2. Pre-tokenized data¶
Tevatron also accept pre-tokenized custom dataset. By doing this, Tevatron will skip the tokenization step during training or encoding.
The datasets need to be crafted in the format below:
- Training: jsonl
file with each line is a training instance,
{'query': TEXT_TYPE, 'positives': List[TEXT_TYPE], 'negatives': List[TEXT_TYPE]}
jsonl
file with each line is a piece of text to be encoded,
{text_id: "xxx", 'text': TEXT_TYPE}
TEXT_TYPE
here can be either List[int]
(pre-tokenized) or string
(non-pretokenized).
Here we encourage user to use pre-tokenized (i.e.

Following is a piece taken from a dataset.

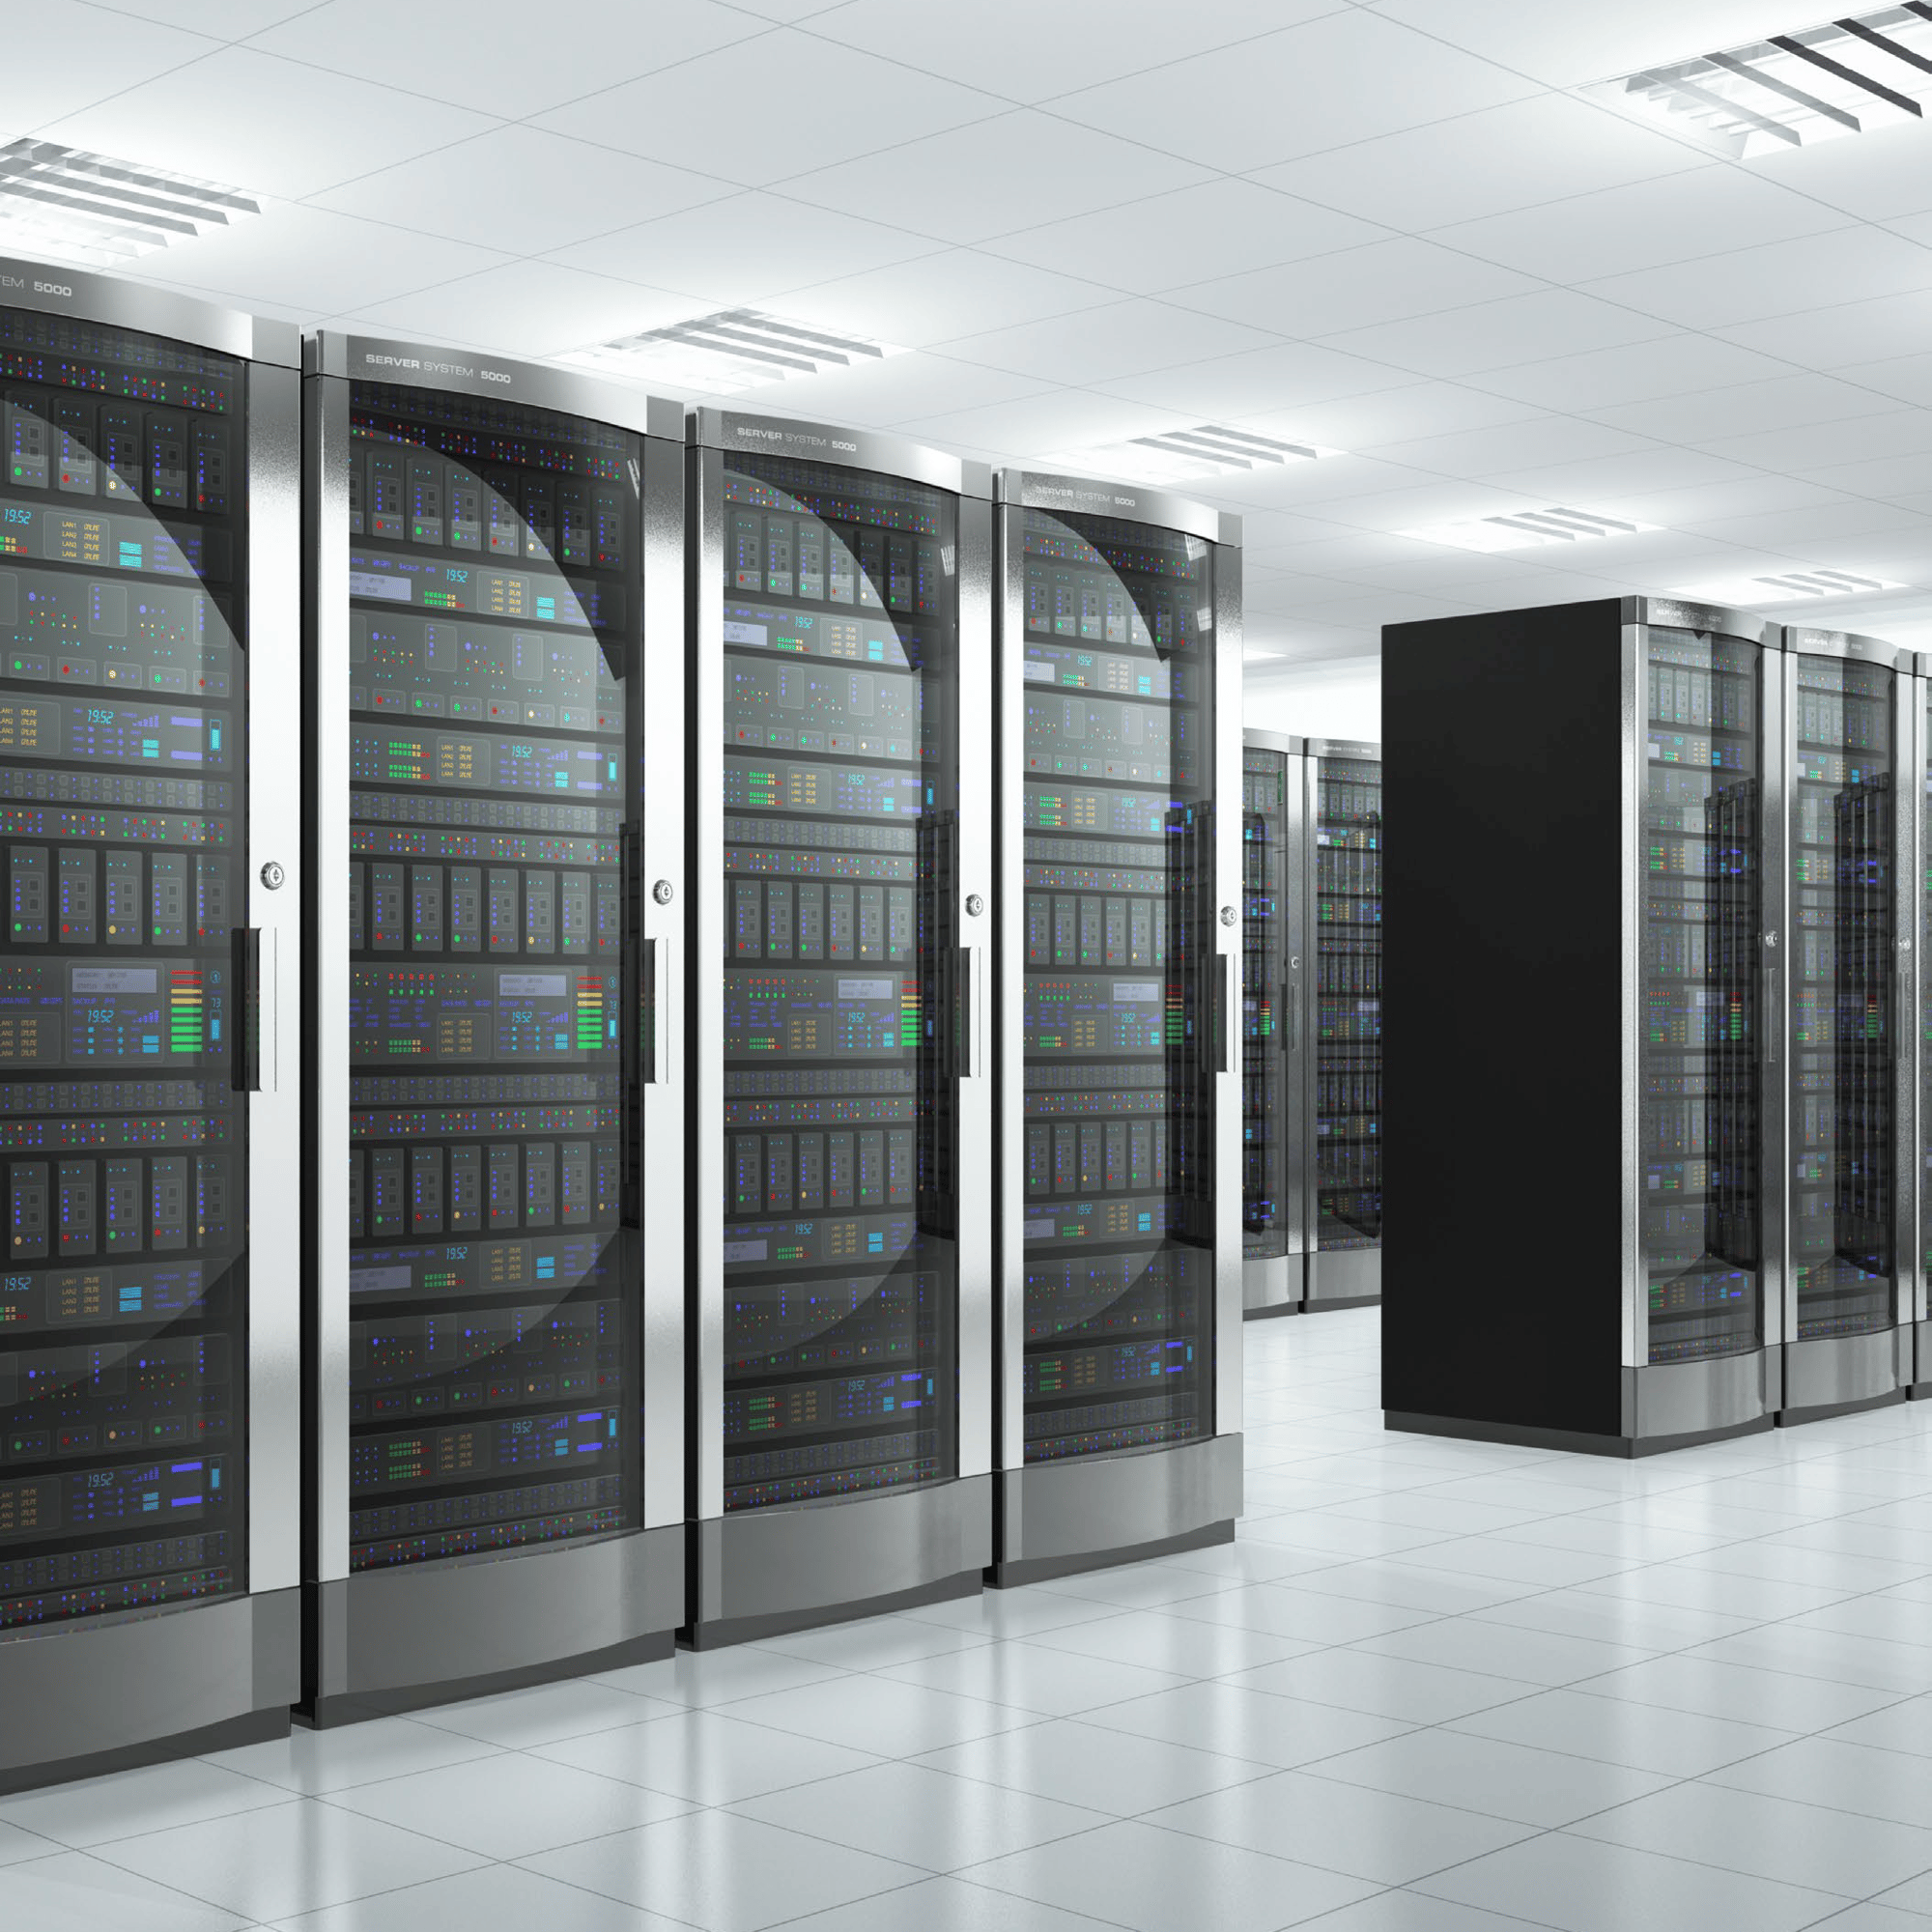 servers in a data center
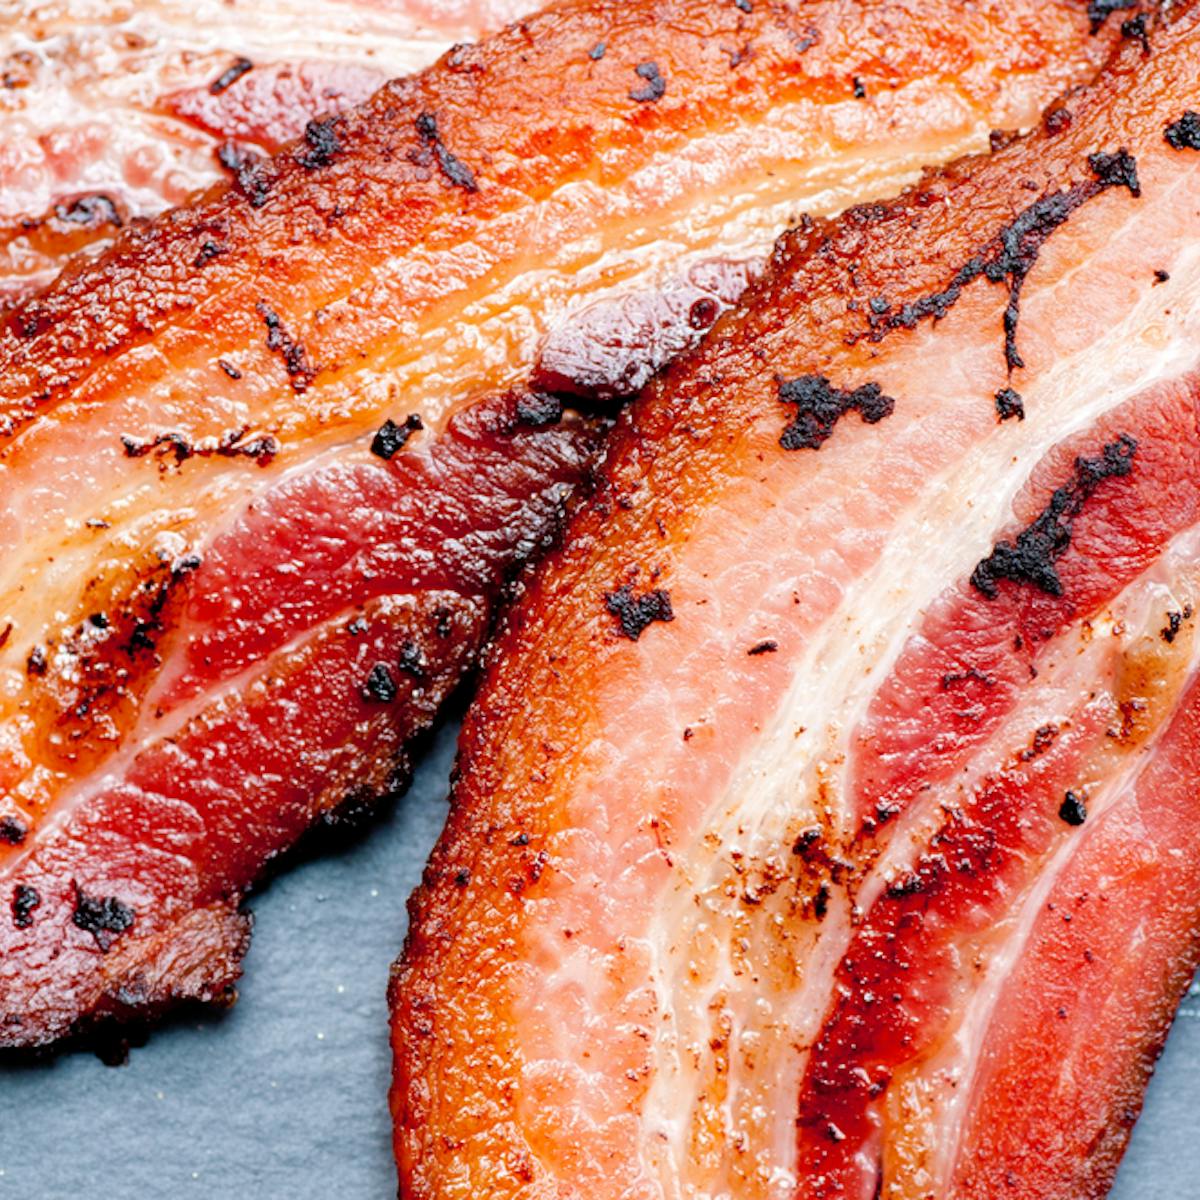 Not all processed meats carry same cancer risk

TEXT_TYPE=List[int]
)
as TEXT_TYPE=string
is not supported for some tokenizer.
To use custom data in pre-tokenized format, use --dataset_name json
(or leave it as empty)
during training and encoding.
For example, if we have prepared a pre-tokenized dataset, with:
- train data: train_dir/train_data.jsonl
- dev data: dev_dir/dev_data.jsonl
- corpus: corpus_dir/corpus_jsonl
We can train by:
python -m tevatron.driver.train \
... \
--train_dir train_dir \
...
Then we can encode corpus by:
python tevatron.driver.encode \
... \
--encode_in_path corpus_dir/corpus_jsonl \
...
And encode query by:
python tevatron.driver.encode \
... \
--encode_in_path dev_dir/dev_data.jsonl \
--encode_is_qry \
...
Note: we use
...
here to hide the arguments that irrelevant to dataset setting for a more clear comperision. Please see training and encoding document for detailed arguments.